If you only read one blog post today…
… your day will be more productive than mine.
But by all means read this one. Bad Catholic is the Man. Ecce Homo, dude.
http://www.patheos.com/blogs/badcatholic/2012/02/how-the-catholic-church-became-cool-overnight.html
Marc Barnes here quotes Walker Percy, who speaks with Chestertonian eloquence and power:
This life is too much trouble, far too strange, to arrive at the end of it and then to be asked what you make of it and have to answer “Scientific humanism.” That won’t do. A poor show. Life is a mystery, love is a delight. Therefore I take it as axiomatic that one should settle for nothing less than the infinite mystery and the infinite delight, i.e., God. In fact I demand it. I refuse to settle for anything less.

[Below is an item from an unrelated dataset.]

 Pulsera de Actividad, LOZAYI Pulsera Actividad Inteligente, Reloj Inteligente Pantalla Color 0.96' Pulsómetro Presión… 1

And he speaks with the tongue of a lover for his beloved, a Dante to his Beatrice:
But here’s the thing about the Church. Once you begin the radical task of defending Her right to practice what She preaches, you can’t help but notice how excellent that preaching is. Thus the issue of why — precisely — the Church is against the use of artificial contraception is similarly irritating the public eye, and as it turns, ’tis a beautiful irritant. The Business Insider, an entirely secular journal, found it alarming enough to publish Time To Admit It: The Church Has Always Been Right On Birth Control. From the article:
The Church teaches that love, marriage, sex, and procreation are all things that belong together. That’s it. But it’s pretty important. And though the Church has been teaching this for 2,000 years, it’s probably never been as salient as today.
Today’s injunctions against birth control were re-affirmed in a 1968 document by Pope Paul VI called Humanae Vitae. He warned of four results if the widespread use of contraceptives was accepted:
- General lowering of moral standards
- A rise in infidelity, and illegitimacy
- The reduction of women to objects used to satisfy men.

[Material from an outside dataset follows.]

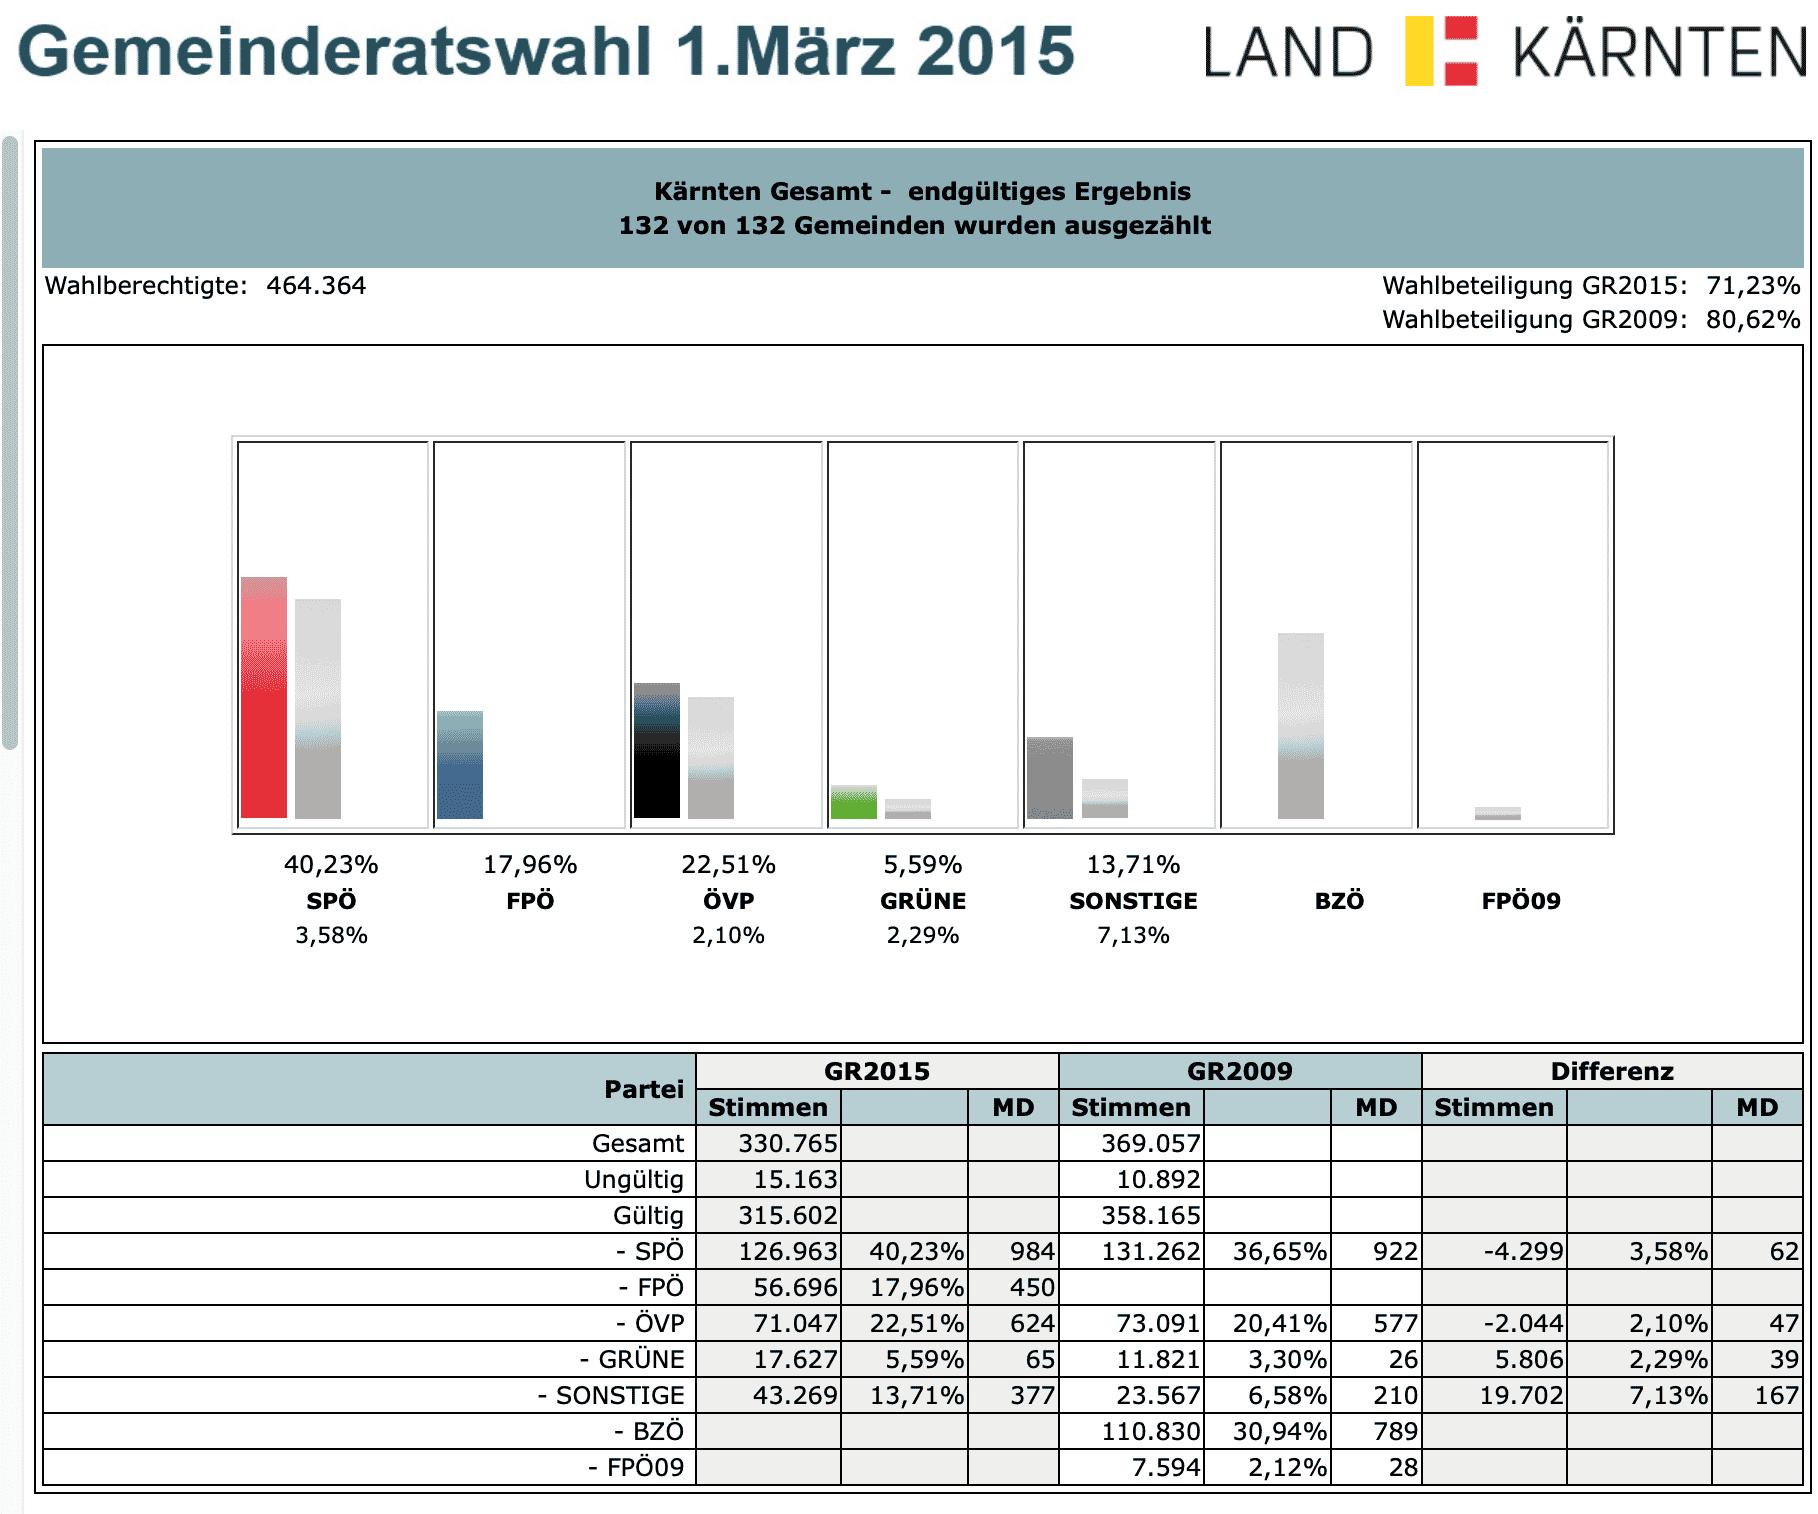 Gemeinderatswahl 2015 in Kärnten

- Government coercion in reproductive matters.
Does that sound familiar?
Because it sure sounds like what’s been happening for the past 40 years.

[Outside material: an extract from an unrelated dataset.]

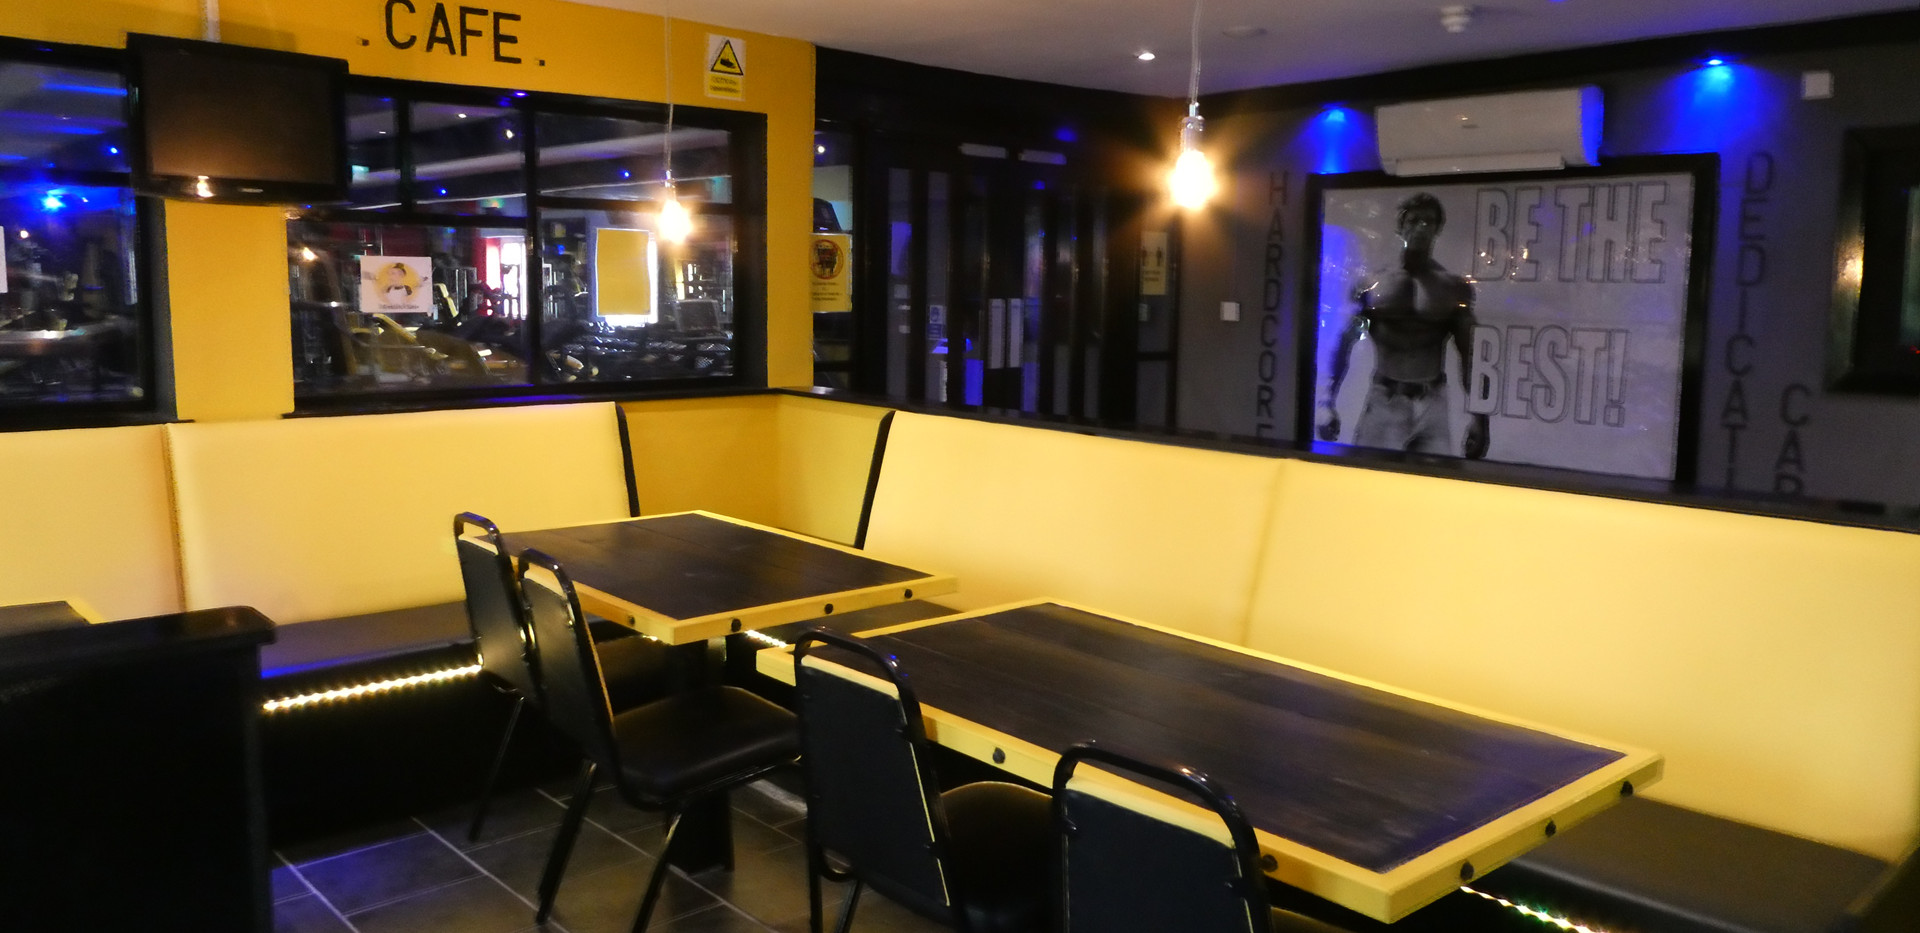 Cafe Area

So what happened overnight? Why is the Church’s most controversial teaching something that — suddenly — can be affirmed in the secular, public sphere without fear? The teachings didn’t change — they’ve always been awesome. Our culture didn’t change — it continues to suck. No, we owe this shift in disposition to the remarkable act of placing our hands on the desk, pushing firmly down upon it while pushing firmly up with the toes, and straightening the kneecaps until the body is aligned vertically between heaven and earth.